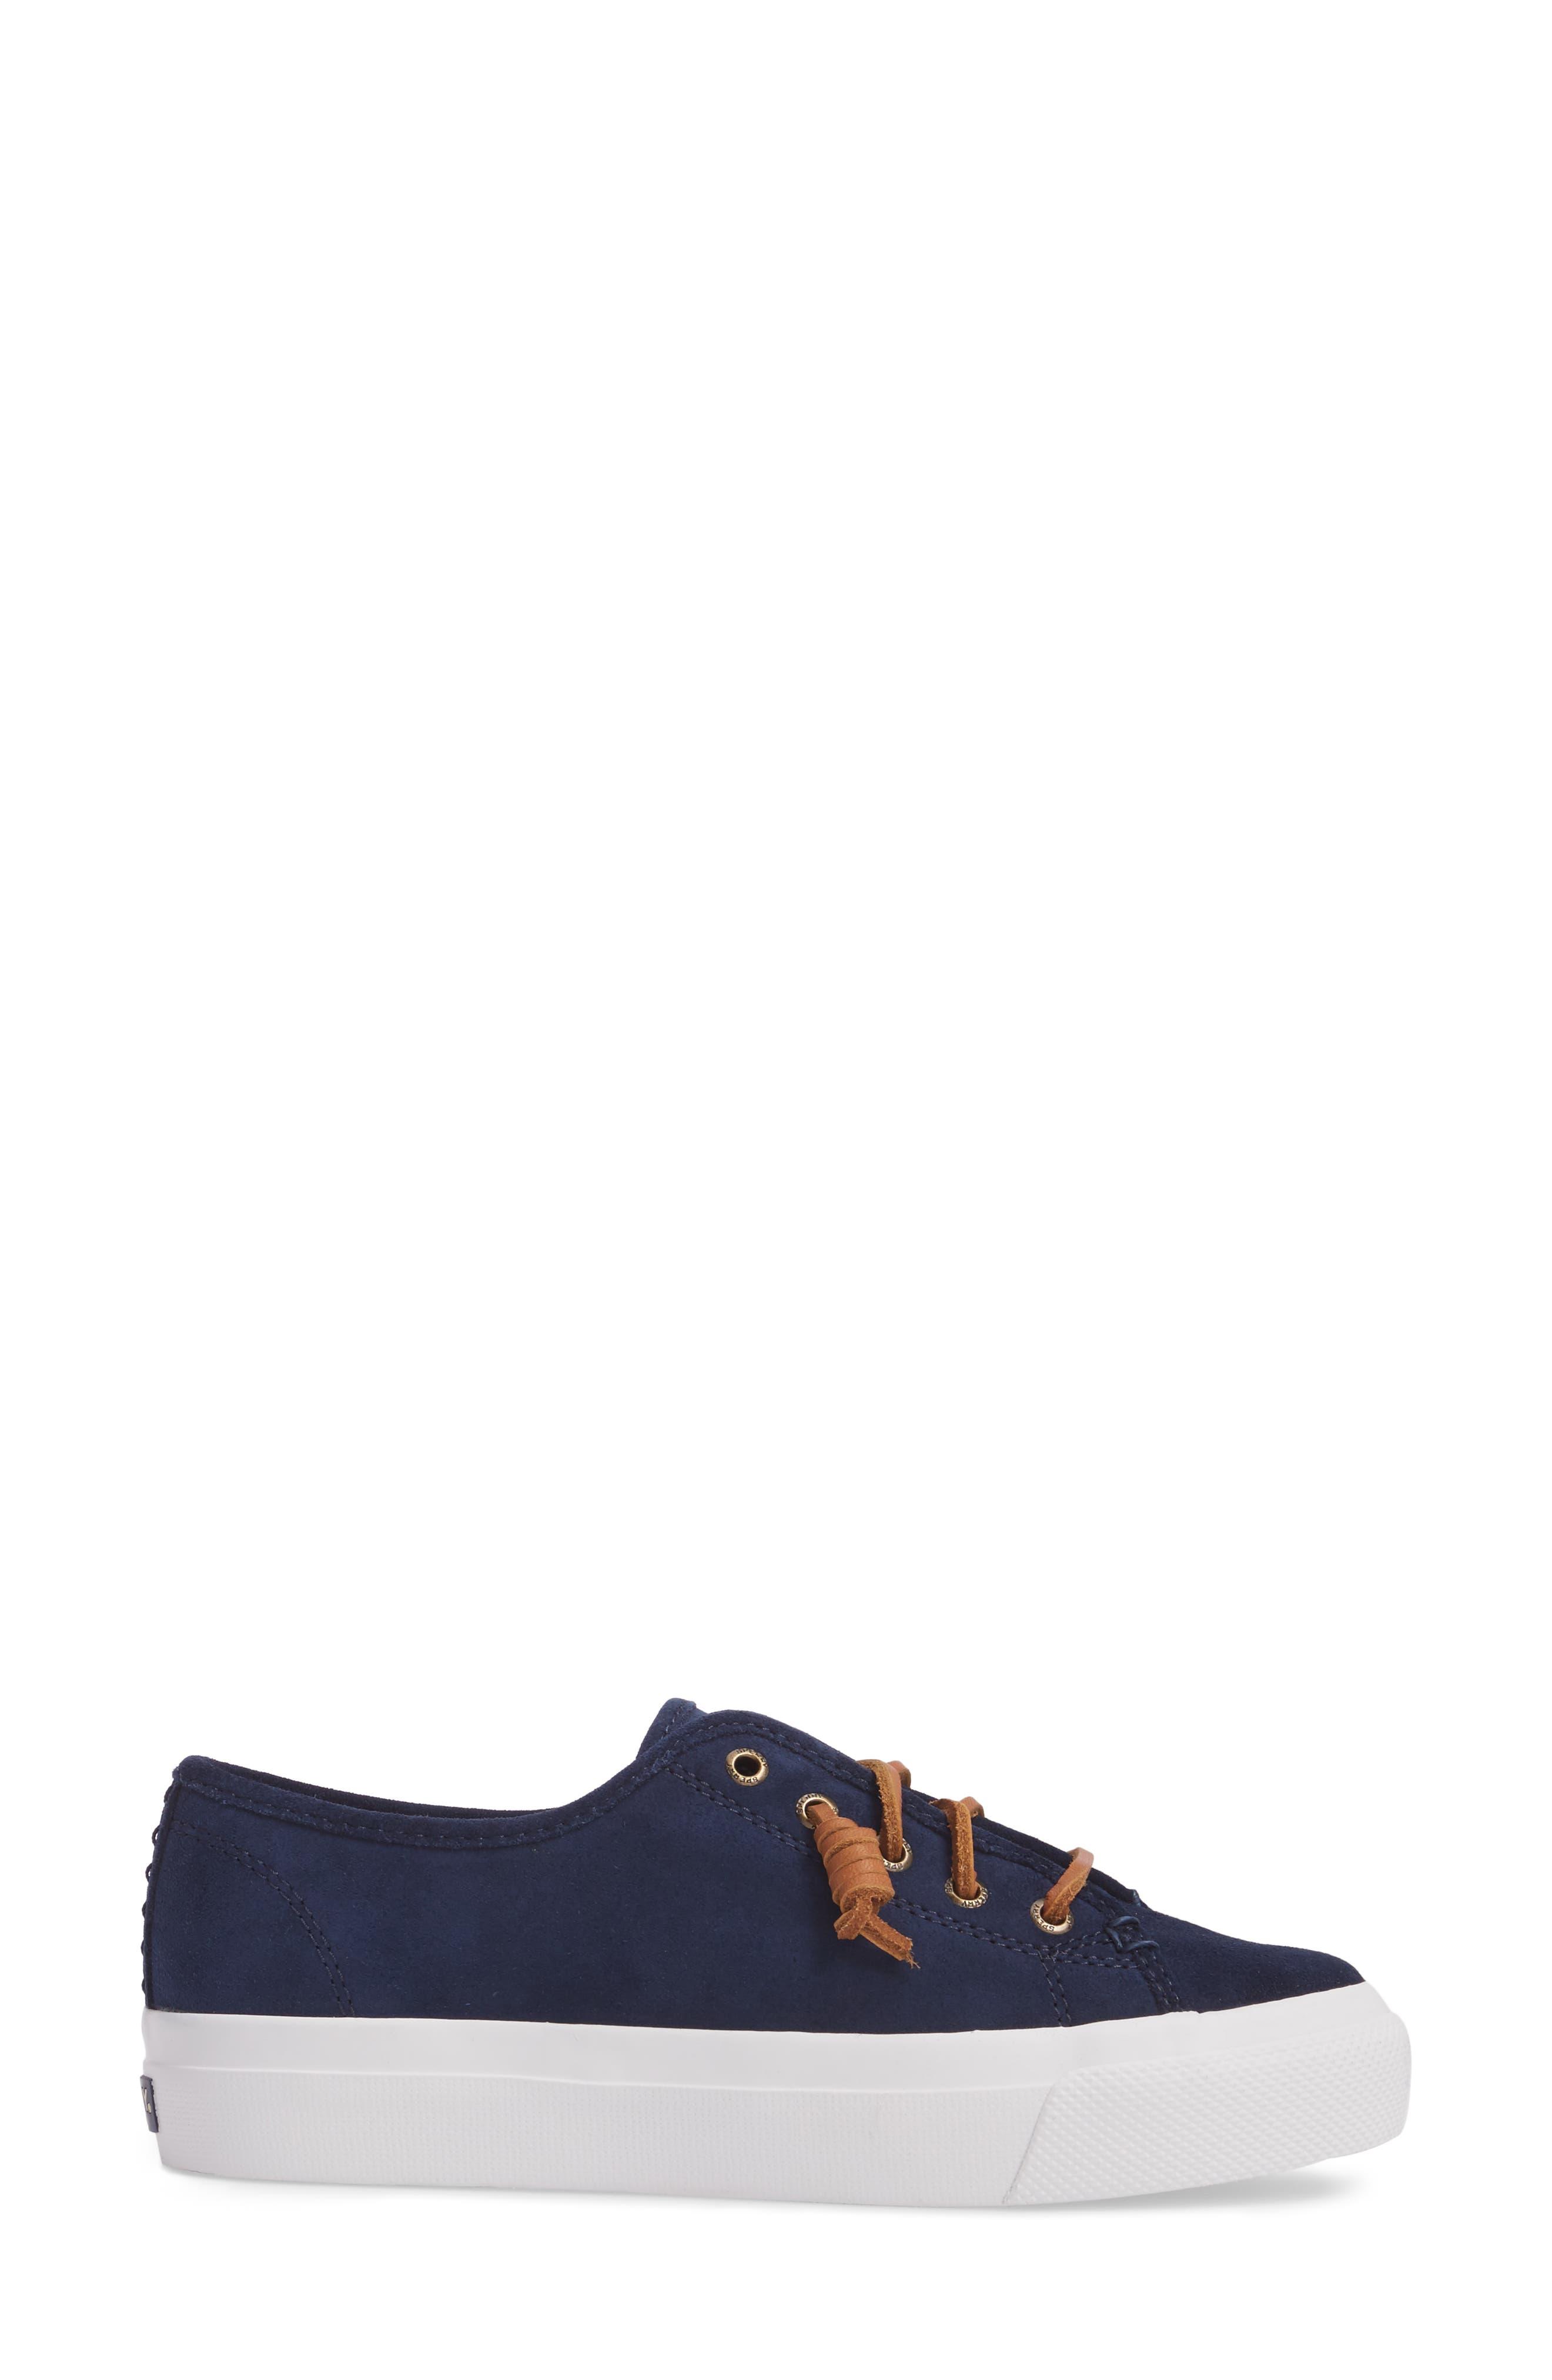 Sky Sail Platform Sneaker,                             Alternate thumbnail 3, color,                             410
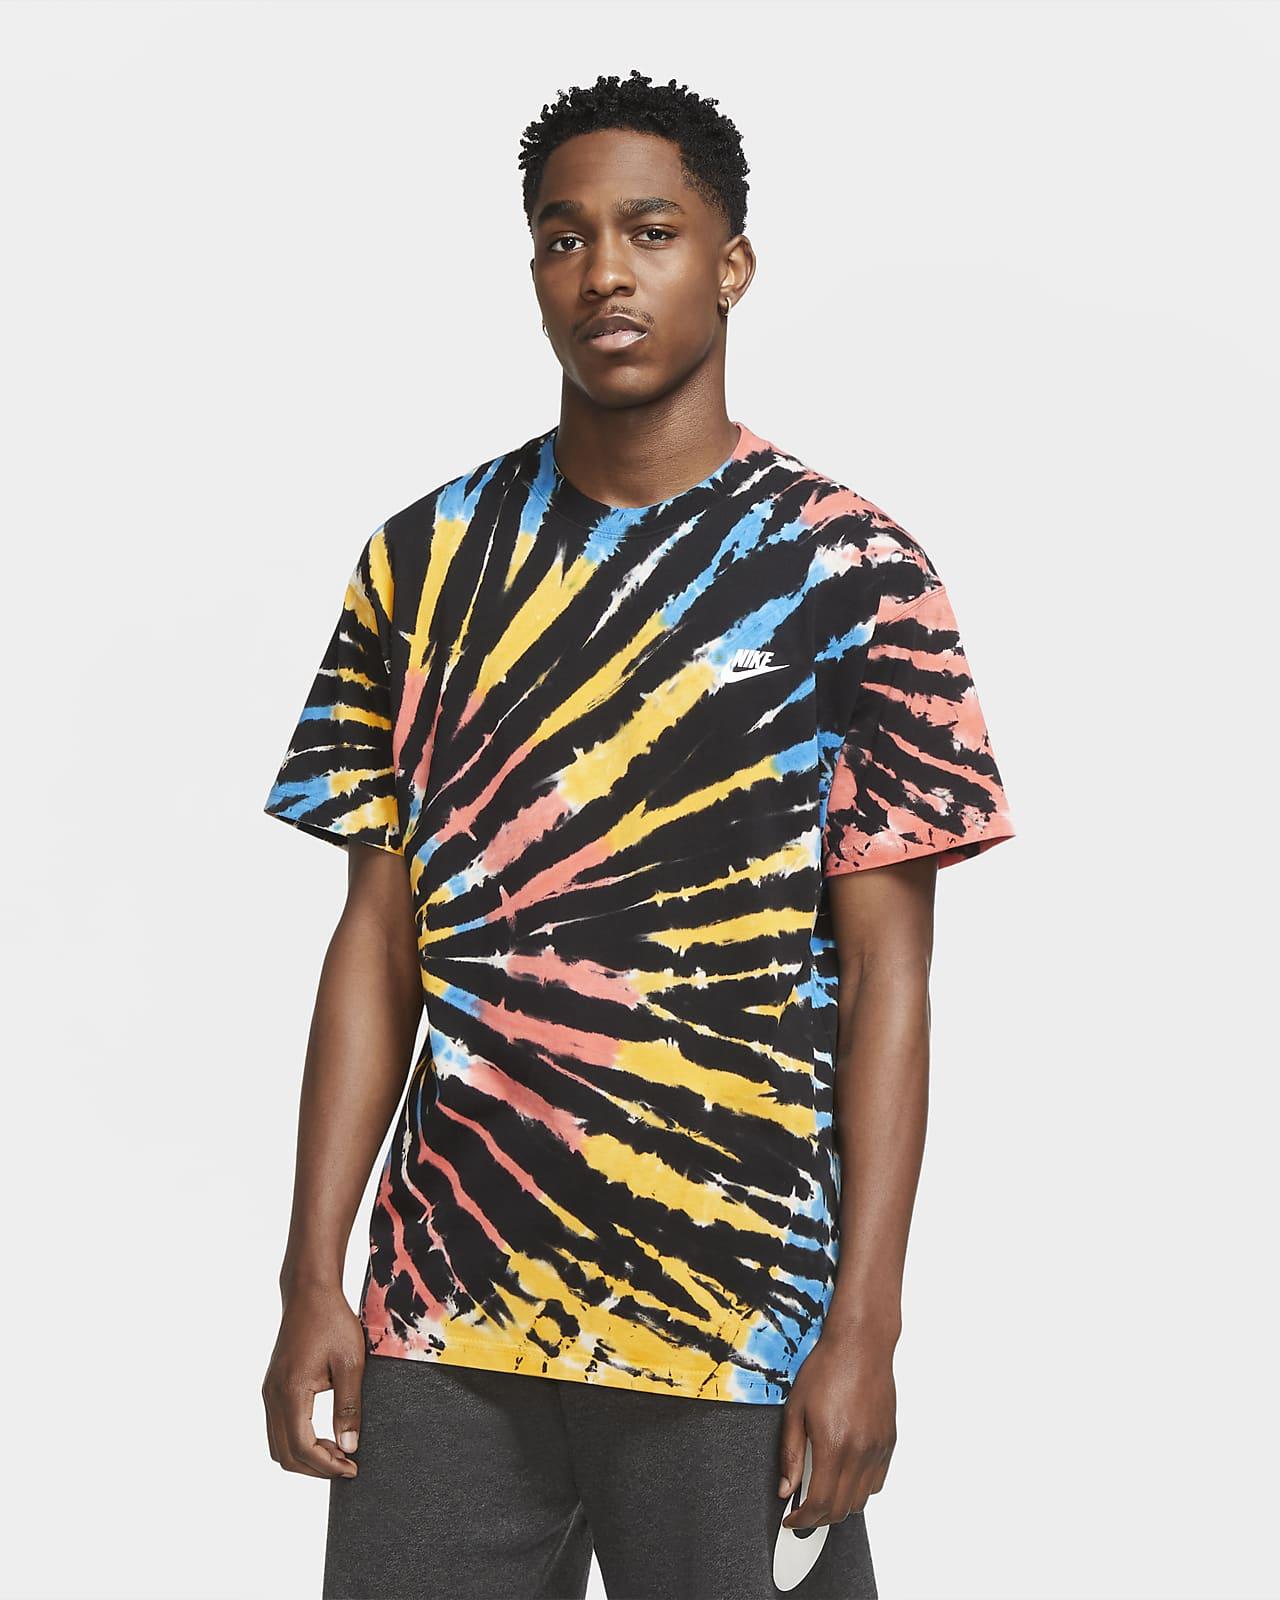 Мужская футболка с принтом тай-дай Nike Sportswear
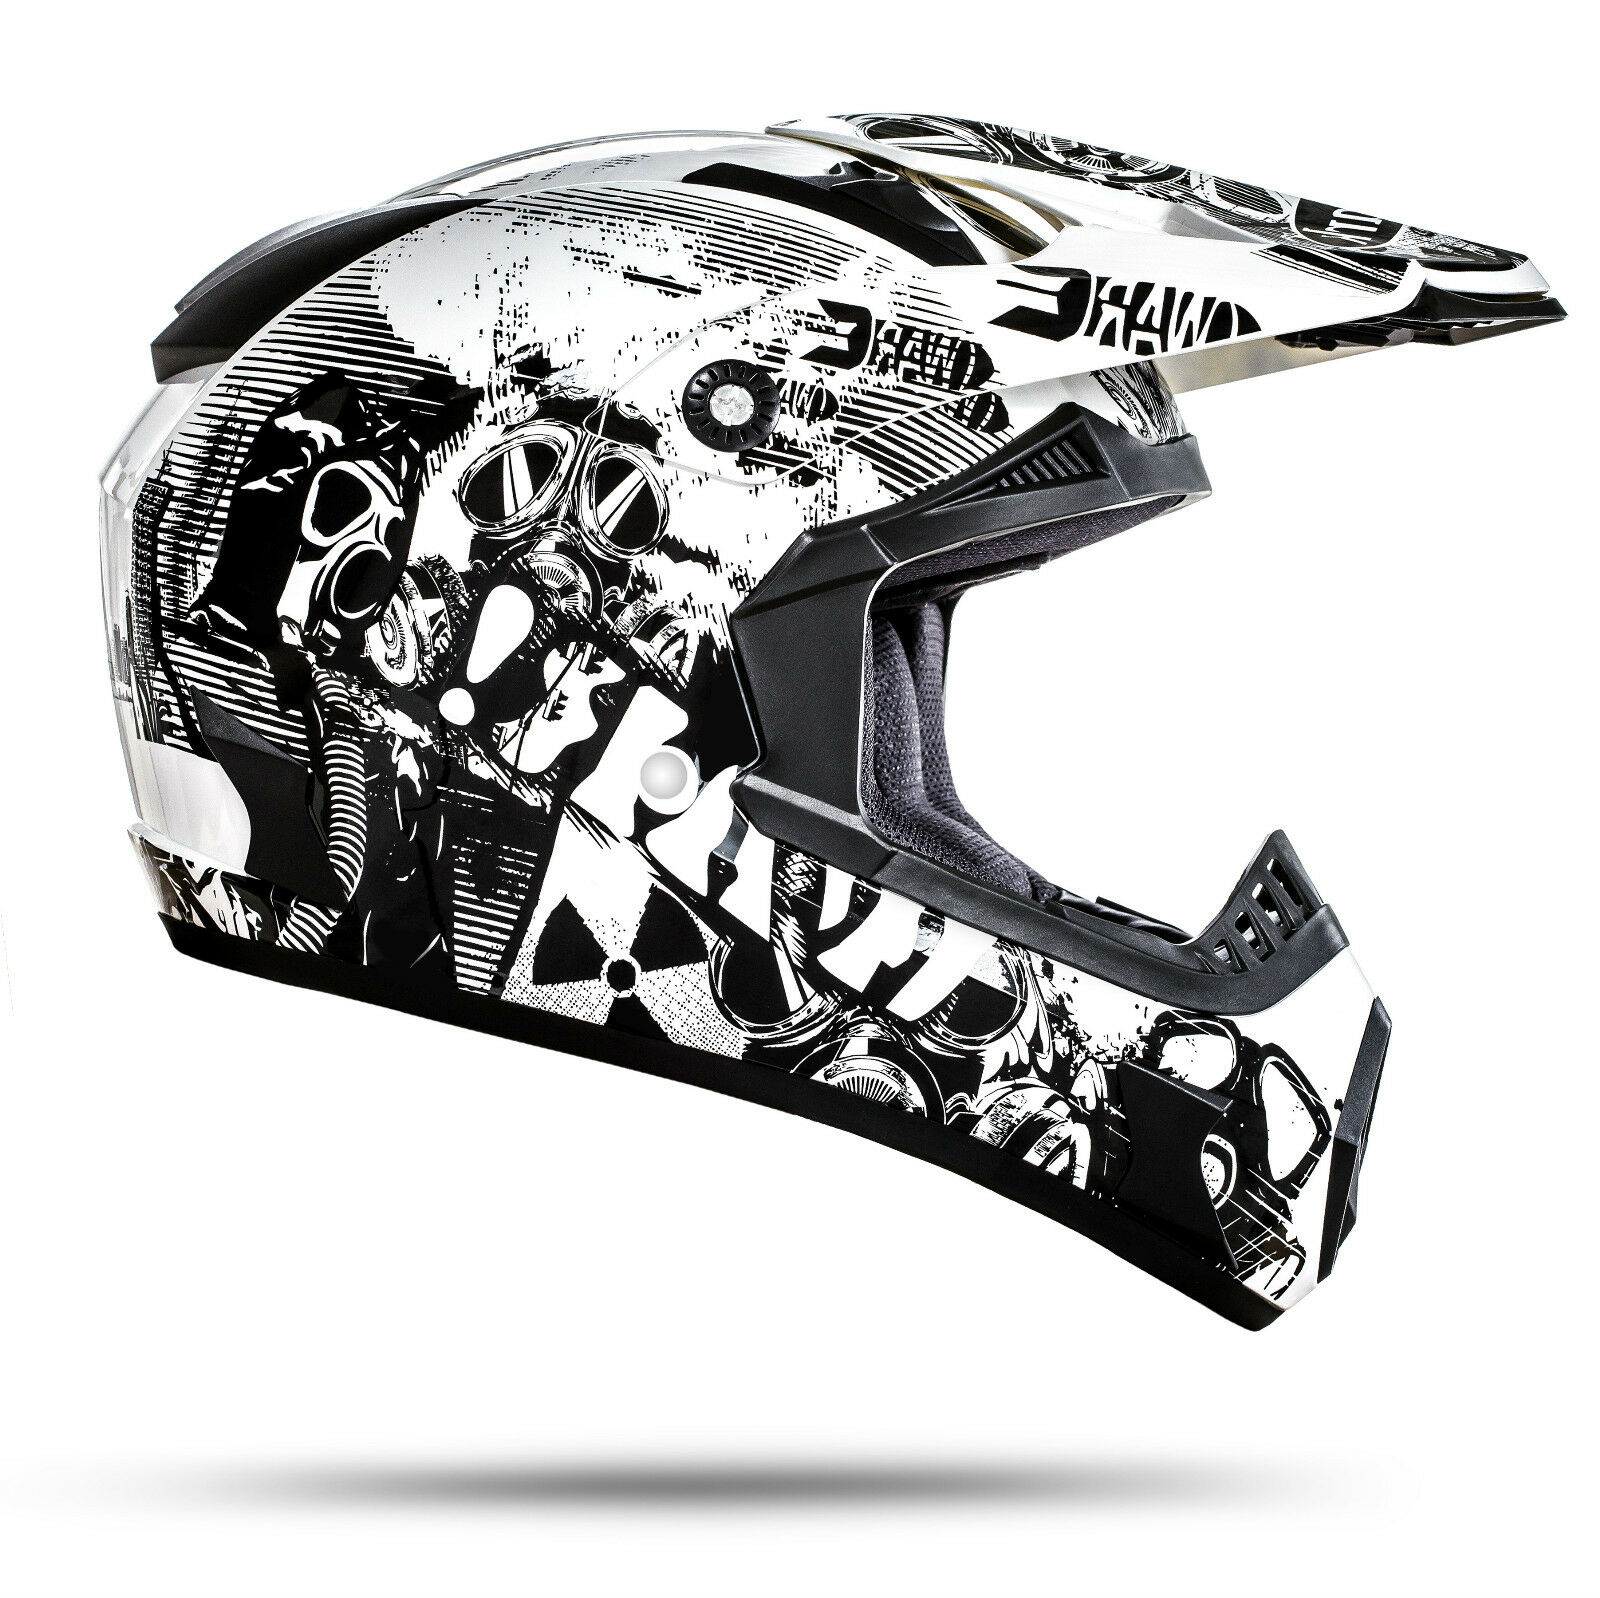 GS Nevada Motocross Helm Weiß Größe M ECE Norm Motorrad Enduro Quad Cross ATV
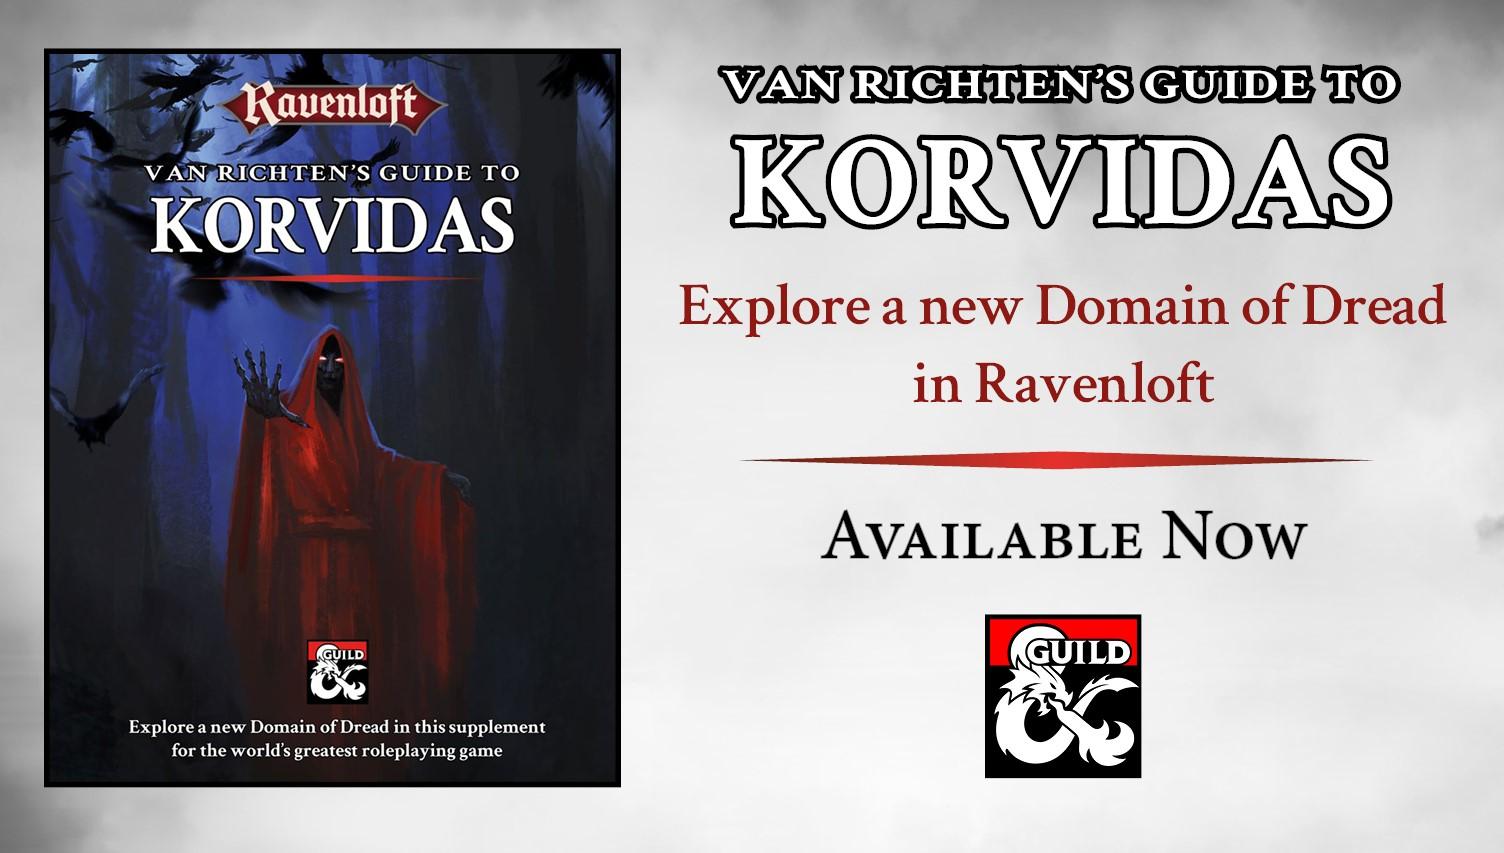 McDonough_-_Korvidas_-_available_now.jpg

◆ ◆ ◆ ◆ ◆

The copy must begin at the line containing "GS Nevada Motocross" and end at the last line of the data above, with every line retyped exactly and no pictures included.

 GS Nevada Motocross Helm Weiß Größe M ECE Norm Motorrad Enduro Quad Cross ATV
 McDonough_-_Korvidas_-_available_now.jpg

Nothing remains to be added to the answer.